Raka Suwasta: Seni Kontemporer Jangan Hilangkan Keindonesiaan

Raka Suwasta. (Ist)

DENPASAR- Sejarah melukis Raka Suwasta (79 tahun) dimulai dari sekolah tingkat SMA dan semua ia pelajari secara otodidak, tanpa guru. Untuk mencari tambahan ilmu bergaulah ia dengan seniman-seniman yang datang ke Bali yang banyak tinggal di Kedaton, disana belajar tehnik melukis, bagaimana mengapresiasi karya seni rupa, mulai belajar sket, juga ide banyak di dapat dalam pergaulan dengan para pelukis tersebut.

Raka juga rajin mengakses bacaan sebagai referensi dan menambah wawasan, ia berlangganan majalah budaya yang terbit di Jogja. Dari semua pengalaman itu membentuk dirinya hingga punya keinginan untuk total berkesenian, bukan hanya dalam rangka mencari duit.

“Saya melukis sesuai dengan hati nurani dengan tema-tema mengambil kehidupan rakyat. Seperti karya saya lukisan cat minyak di canvas ukuran 1,5 x 90, seorang Ibu duduk membikin garam dalam keadaan bunting (hamil). Itu seperti protes saya ke pemerintah dan kepada banyak orang kenapa orang bunting dibolehkan kerja berat, “katanya.

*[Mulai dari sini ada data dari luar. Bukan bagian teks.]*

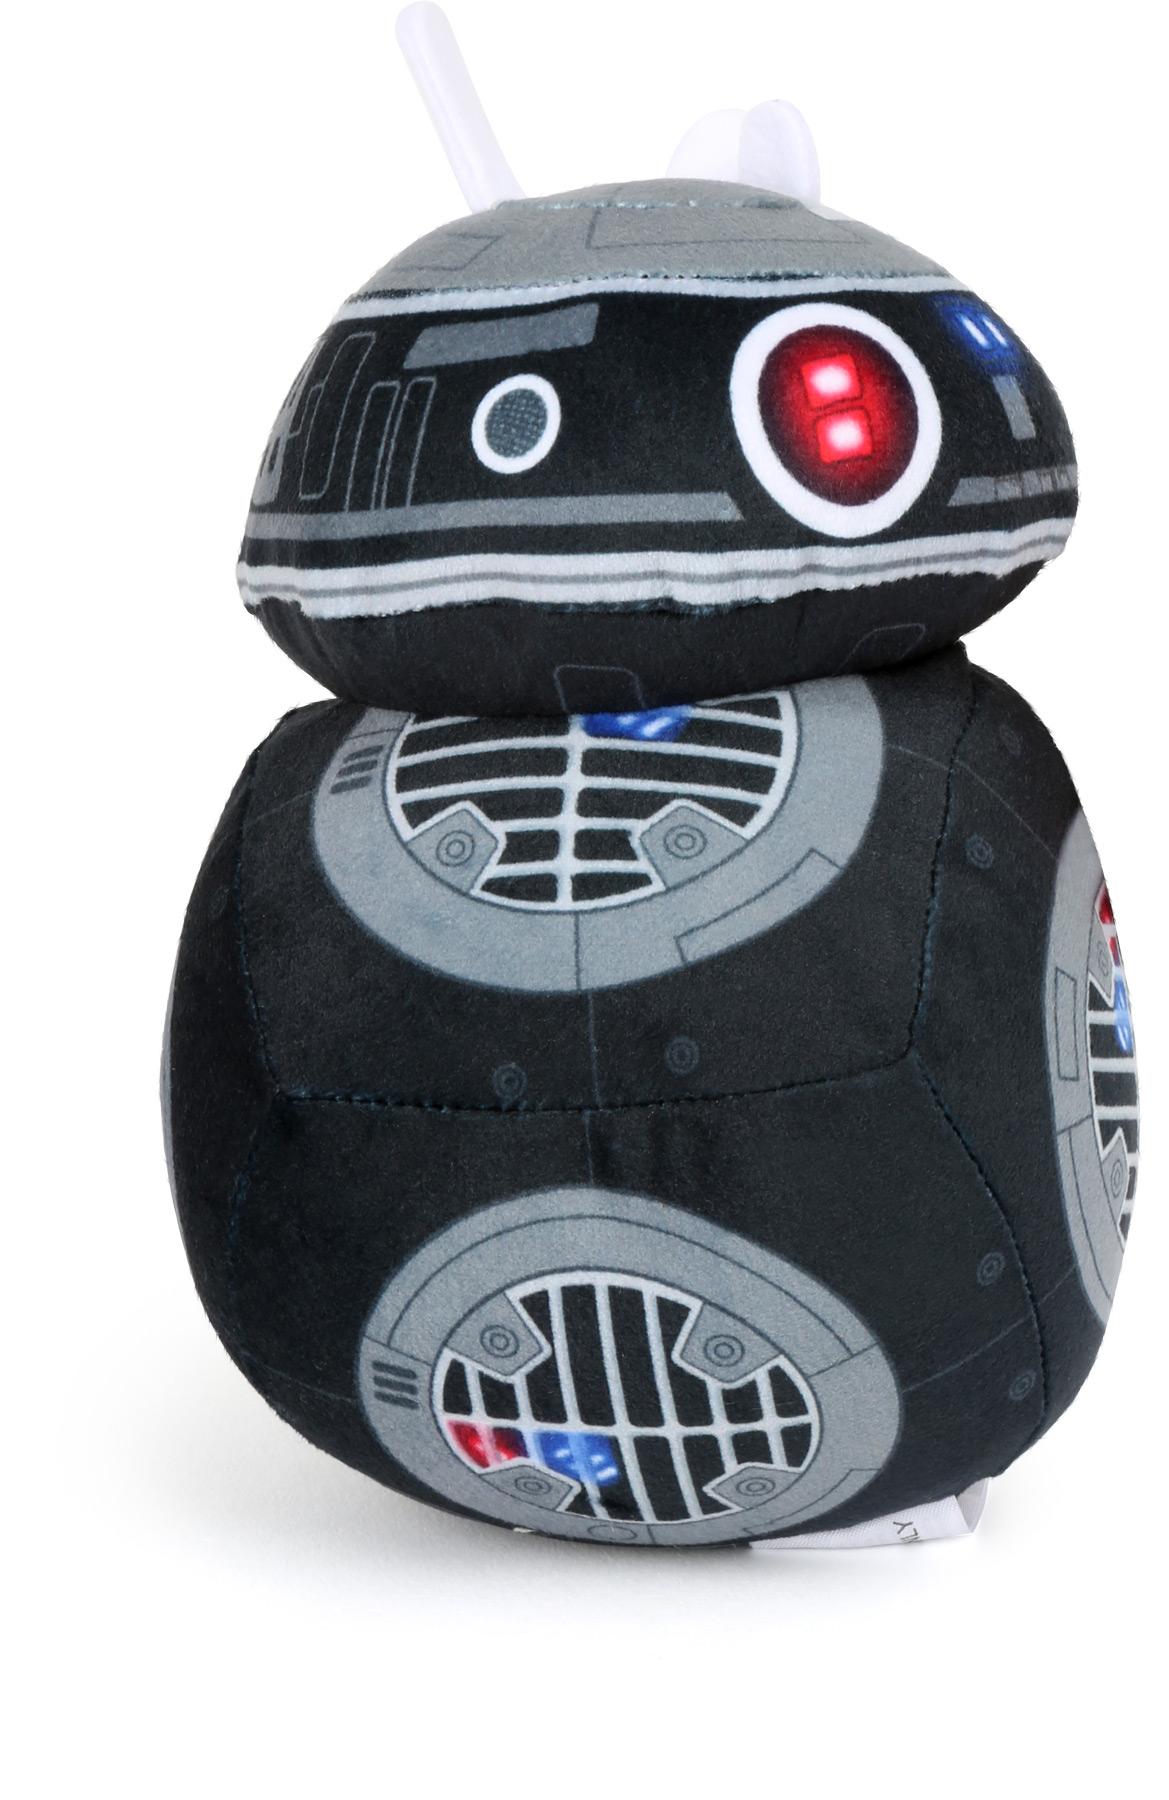 Small Foot Star Wars plyšový BB-9E

Lukisan tersebut ikut dalam Pameran Nasional Lembaga Kebudayaan Rakyat (Lekra) di Jakarta tahun 1960, dari pameran lukisan yang laku cuma dua yakni lukisan Raka Suwasta dan Affandi. Tahun itu laku seharga Rp 20.000,-

Raka Suwasta juga pernah di Jakarta ikut Sanggar Agung pimpinan Pak Rahmad dari Salatiga,

“Di sanggar tersebut saya bisa kenal pelukis-pelukis top macam Affandi, Hendra, Trubus. Mereka banyak mensupport dan mengajari tehnik melukis juga bagaimana menggunakan alat-alat lukis. Saya juga menjadi tahu kalau Affandi tahun 1962 menjadi salah satu anggota Konstituante dari perwakilan seniman, “ungkap Raka.

Raka akhirnya total dalam melukis, tapi juga pernah diam-diam membuat karya dalam bentuk lain untuk dijual yang orang tidak tahu itu sebenarnya adalah karyanya.

Sampai terjadi huru-hara politik ‘65 Raka turut ditahan di penjara Denpasar selama dua tahun dua bulan,

“Disana saya belajar mengenai bertuhan karena saya bingung tuhan yang benar itu yang mana, karena ternyata tuhan itu hanya satu tapi nabi yang banyak,“ jelasnya.

“Saya baca Al’Quran, saya baca Injil hingga tuntas dan saya menemukan inti dari kedua kitab tersebut bahwa yang diajarkan adalah cinta kasih juga norma-norma hidup yang wajar, “terangnya.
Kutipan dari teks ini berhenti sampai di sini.